Huckabee Denies Subliminal Cross
Sometimes, a shelf is just a shelf? Freud and Republican presidential hopeful Mike Huckabee might be thinking alike. Yesterday, we wrote about what appeared to be a not-too-subliminal cross image in a TV ad for Huckabee in Subliminal Religious Message in Huckabee Ad. The New York Post reports that Huckabee is denying that the glowing cross is anything more than a meaningless prop:
Mike Huckabee yesterday denied that he inserted an image of a white cross behind him in an unprecedented campaign ad celebrating Christmas. “That was a book shelf,” Huckabee insisted, responding to controversy over the religious message in his 30-second spot appearing in the early voting states of Iowa, New Hampshire and South Carolina. [From the New York Post – Huck’s Cross to Bear by Carl Campanile.]
We’d never suspect an ordained Baptist minister of dissembling, but surely the creators of the ad had to be aware of the cross image.
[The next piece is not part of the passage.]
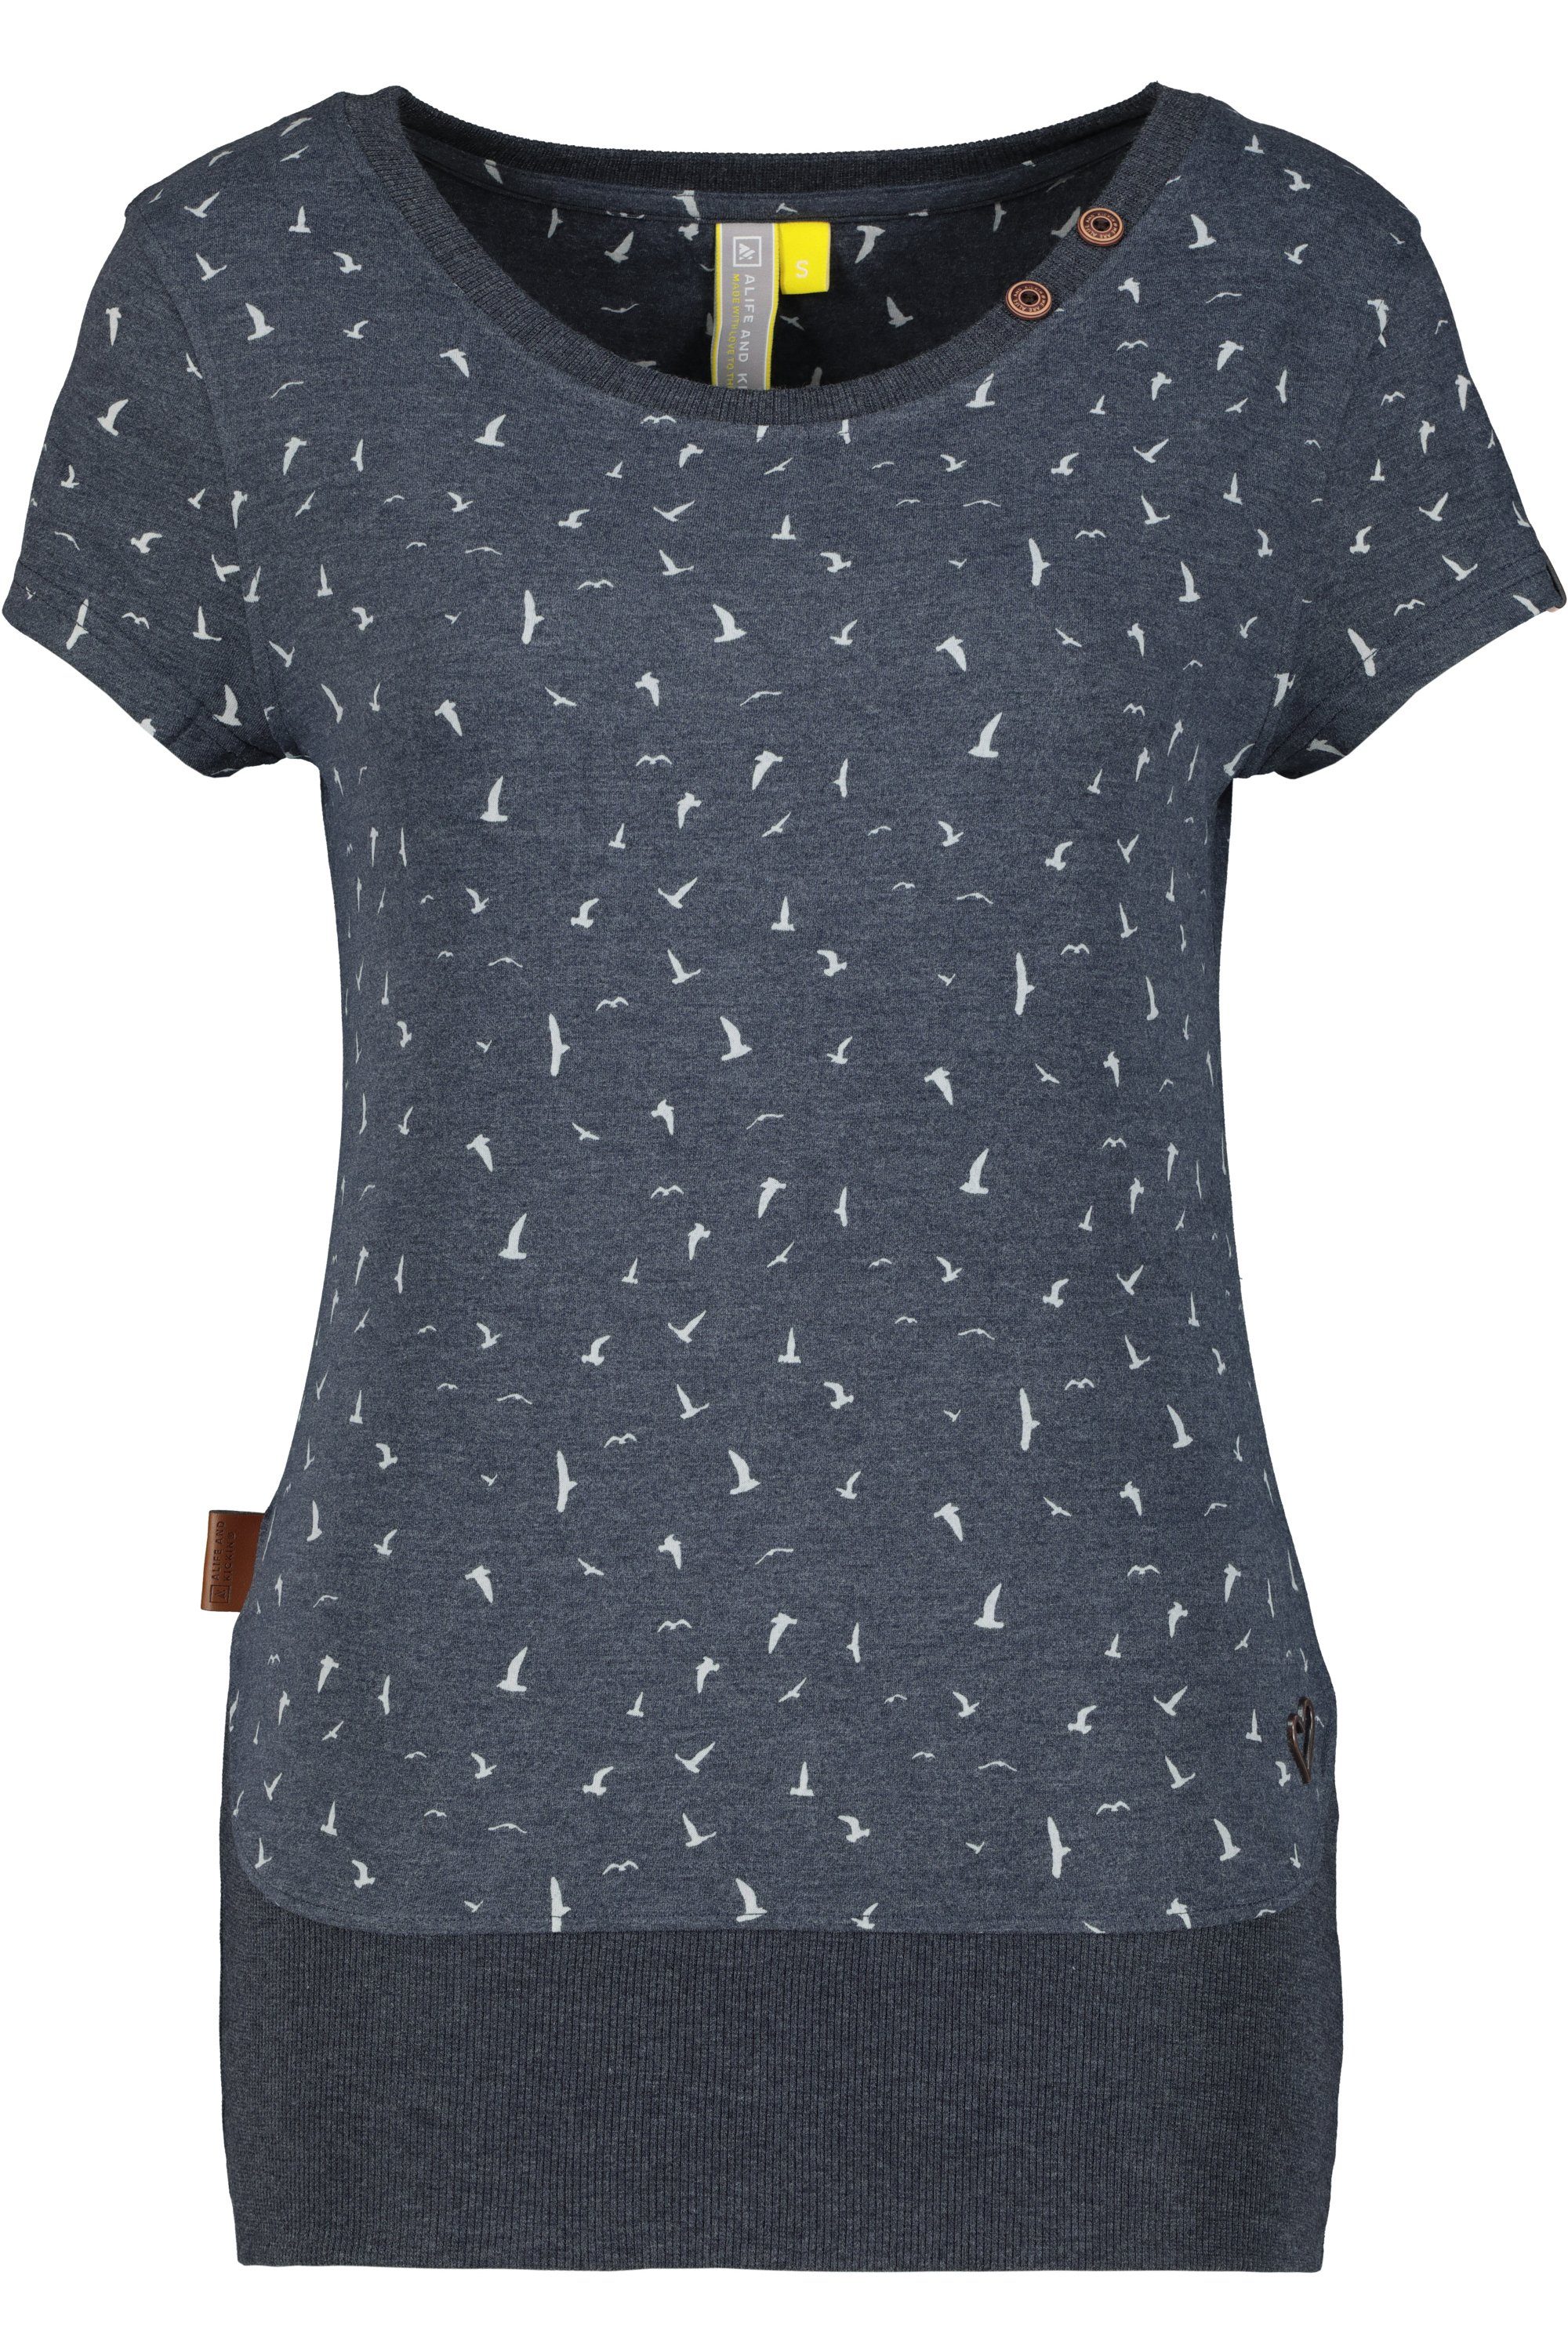 CocoAK Alife Kickin & Damen T-Shirt T-Shirt marine

It’s the brightest thing in the frame, and it hovers to the side of Huckabee’s head throughout. While videographers sometimes lose track of a scene’s background and shoot, say, a cell phone tower that appears to be sprouting from an announcer’s head, in a slickly produced 30-second spot nothing is left to chance. Even if the shelf had been a mere prop to begin with, the commercial’s creators could hardly have failed to notice its symbolic value.
What do you think – is the cross image entirely unintentional or clever subliminal design?